A fitoterapia, de forma geral, é tão antiga quanto a história da humanidade. Todas as antigas civilizações têm suas próprias referências históricas vinculadas ao uso das plantas medicinais para fins curativos.

Nas culturas antigas, a manipulação de ervas e elementos da natureza estava ligada à alquimia e os “entendidos” eram vistos como magos e pessoas de grande poder, pois aplicavam as plantas medicinais como agentes de cura, demonstrando uma compreensão surpreendente dos diferentes efeitos de cada espécie vegetal.

Uma tumba descoberta por arqueólogos no Irã, em 1963, comprovou a existência de uma fitoterapia rudimentar há mais de 60 mil anos. O fato não é de se estranhar, se considerarmos que o mundo vegetal sempre constituiu importante fonte de alimentos para a espécie humana e que o conhecimento das plantas saudáveis e tóxicas acumulou-se pelo método da experimentação. Por esse caminho, os habitantes das cavernas aprenderam também a identificar as espécies curativas.

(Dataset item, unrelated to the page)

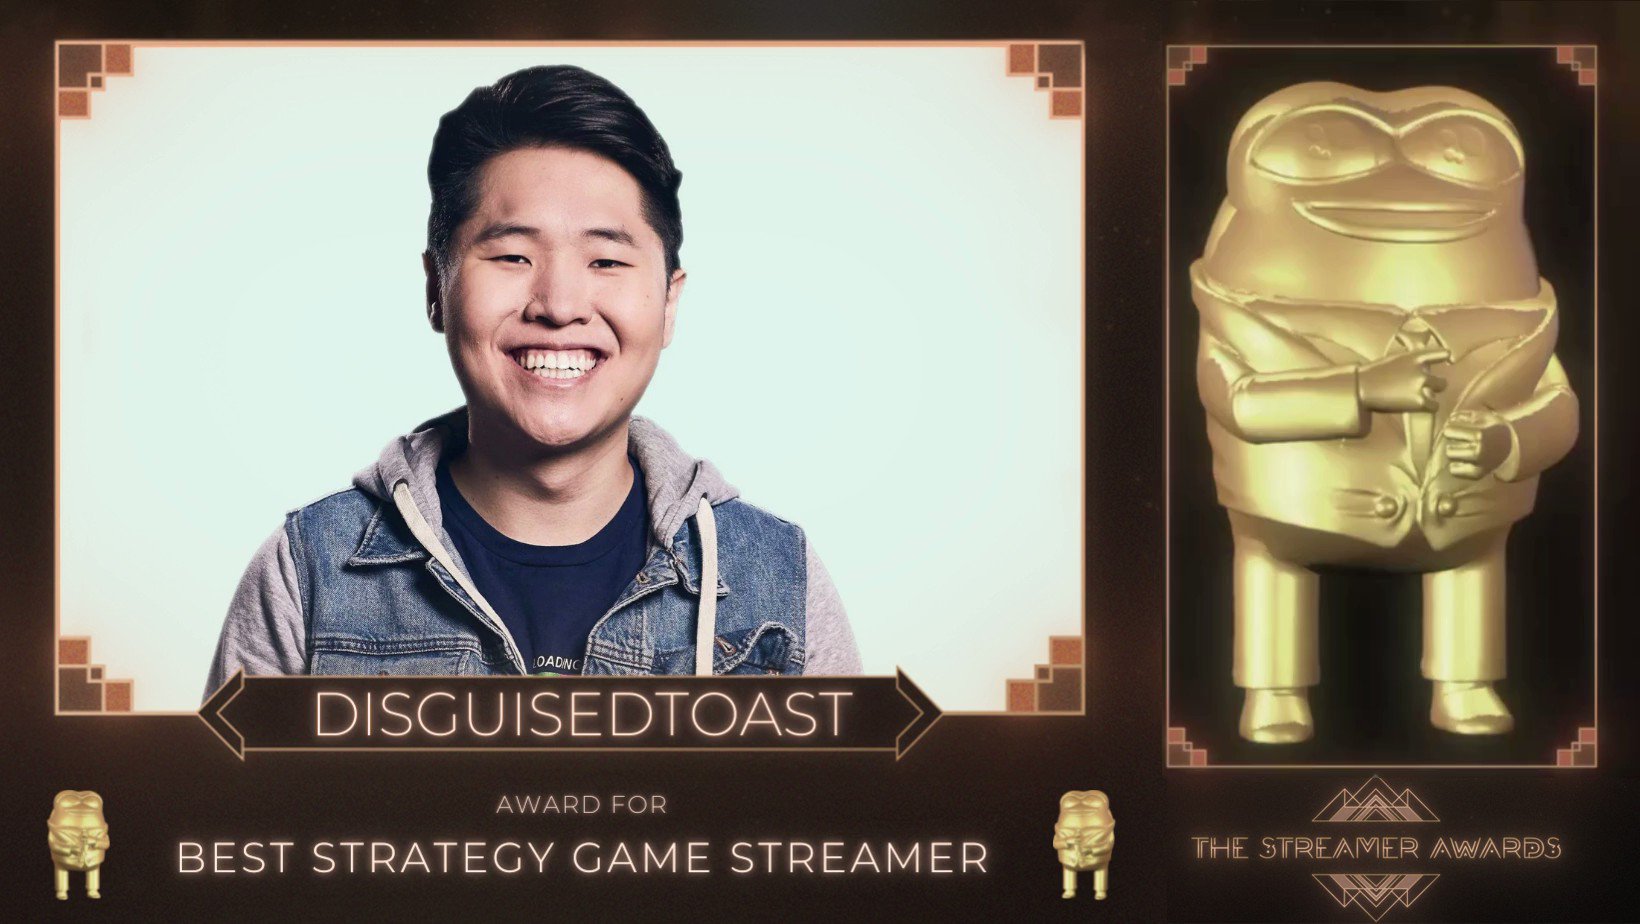 The Streamer Awards on X: From speedrunning to storytelling these

A cultura chinesa é uma das mais antigas nas quais se acham relatos da utilização de plantas, animais e minerais com fins terapêuticos.

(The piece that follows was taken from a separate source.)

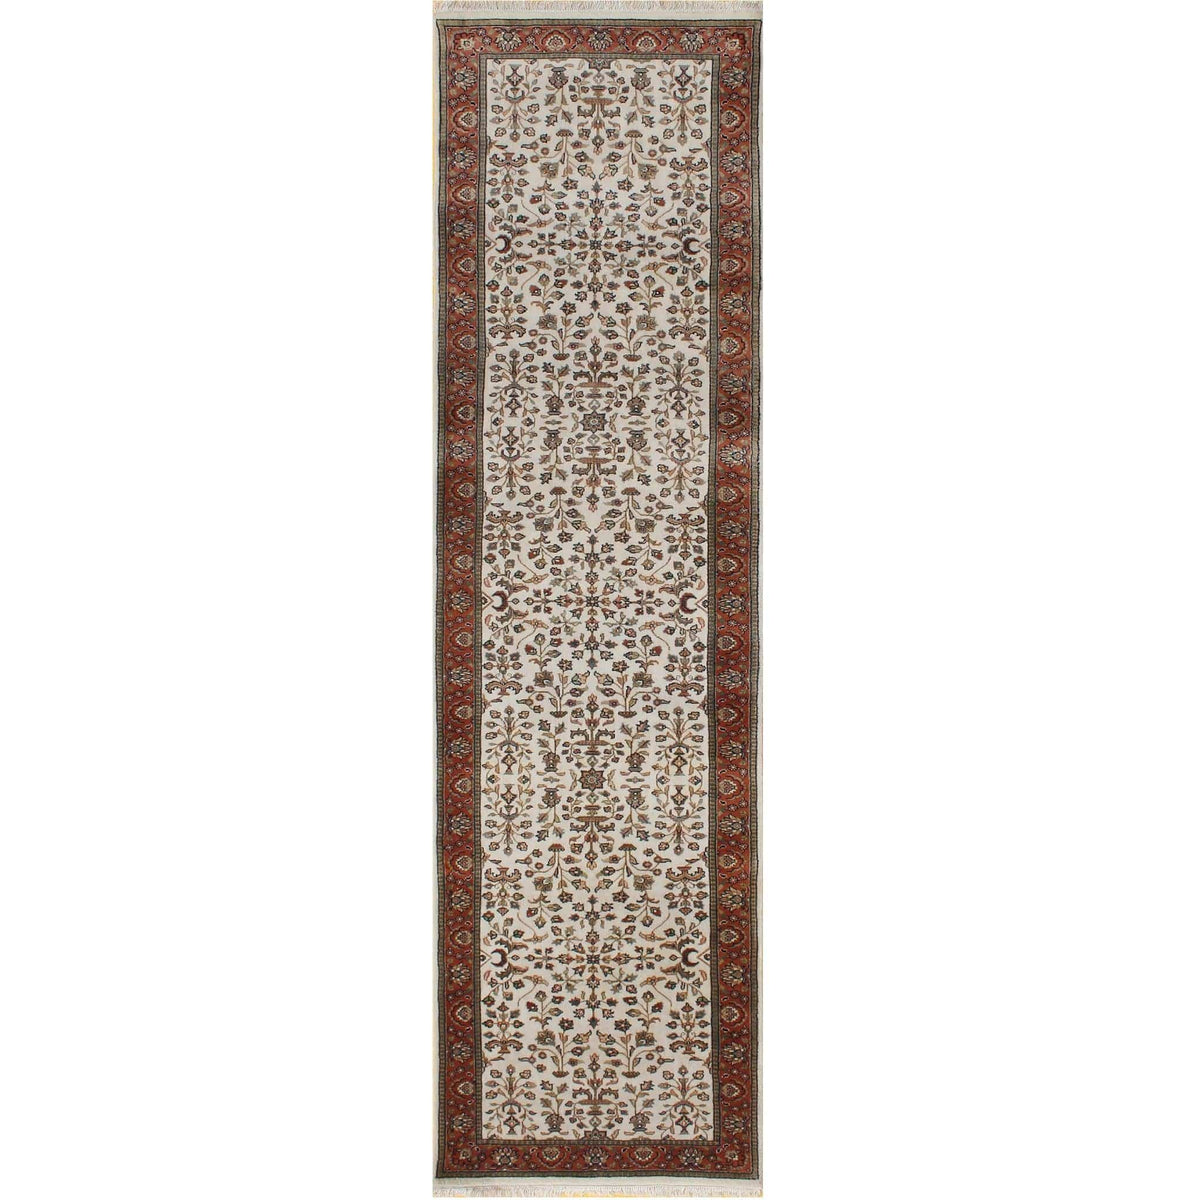 Fine Hand-knotted Wool Saruk Design Small Rug 74cm x 139cm

Esses relatos foram encontrados no primeiro livro de medicina interna, chamado “Huang Di Nei Jing” escrito na dinastia Han, por volta de 3000 anos a.C..

Neste tratado foram listadas 13 fórmulas de fitocompostos, apresentadas sob a forma de pílulas, pós, chás, emplastos, unguentos, decocções etc.

Outro grande tratado que data de aproximadamente, 219 a.C. é o Shan-han Zabing Lun (Tratado das Diversas Doenças do Frio Nocivo), que contém mais de 113 fórmulas magistrais chinesas. A primeira produção em massa de fitoterápicos data da dinastia Song (960 d.C. a 1279 d.C.), quando o império feudal chinês construiu um hospital para uso da família real. Uma farmácia herbária foi criada nesse hospital e as fórmulas foram coletadas por um famoso médico da época, Chen Shi-Wen. Dessas formulações, 788 fórmulas foram publicadas no texto Tai Ping Hui Min He Ji Ju Fang (Fórmulas do bem-estar popular), datado de 1151 d.C.. Na dinastia Ming (1368 a 1644 d.C.) e na dinastia Qing (1644 a 1911 d.C.) muitas farmácias herbárias particulares forma abertas. Alguns destes medicamentos produzidos por estas farmácias eram secretos.

Atualmente, existem inúmeras pesquisas científicas que comprovam os efeitos das fórmulas magistrais chinesas no tratamento de diversas doenças crônicas, inclusive doenças idiopáticas (de causas desconhecidas), trazendo assim uma nova esperança para a cura de doenças intratáveis dentro da medicina ocidental. Na China, desde os anos 50, vários fármacos vêm sendo desenvolvidos e utilizados em seus hospitais.


Os diversos ingredientes que compõem cada fórmula são combinados em proporções que maximizam seus efeitos terapêuticos e inibem possíveis efeitos colaterais. O conhecimento destas combinações e proporções é fruto de milhares de anos de experimentação e pesquisa.

A Medicina Tradicional Chinesa utiliza diversos métodos para classificar as ervas chinesas que emprega em seus medicamentos, tais como, as 4 Naturezas, os 5 Sabores, os Meridianos e os princípios complementares Yin/Yang.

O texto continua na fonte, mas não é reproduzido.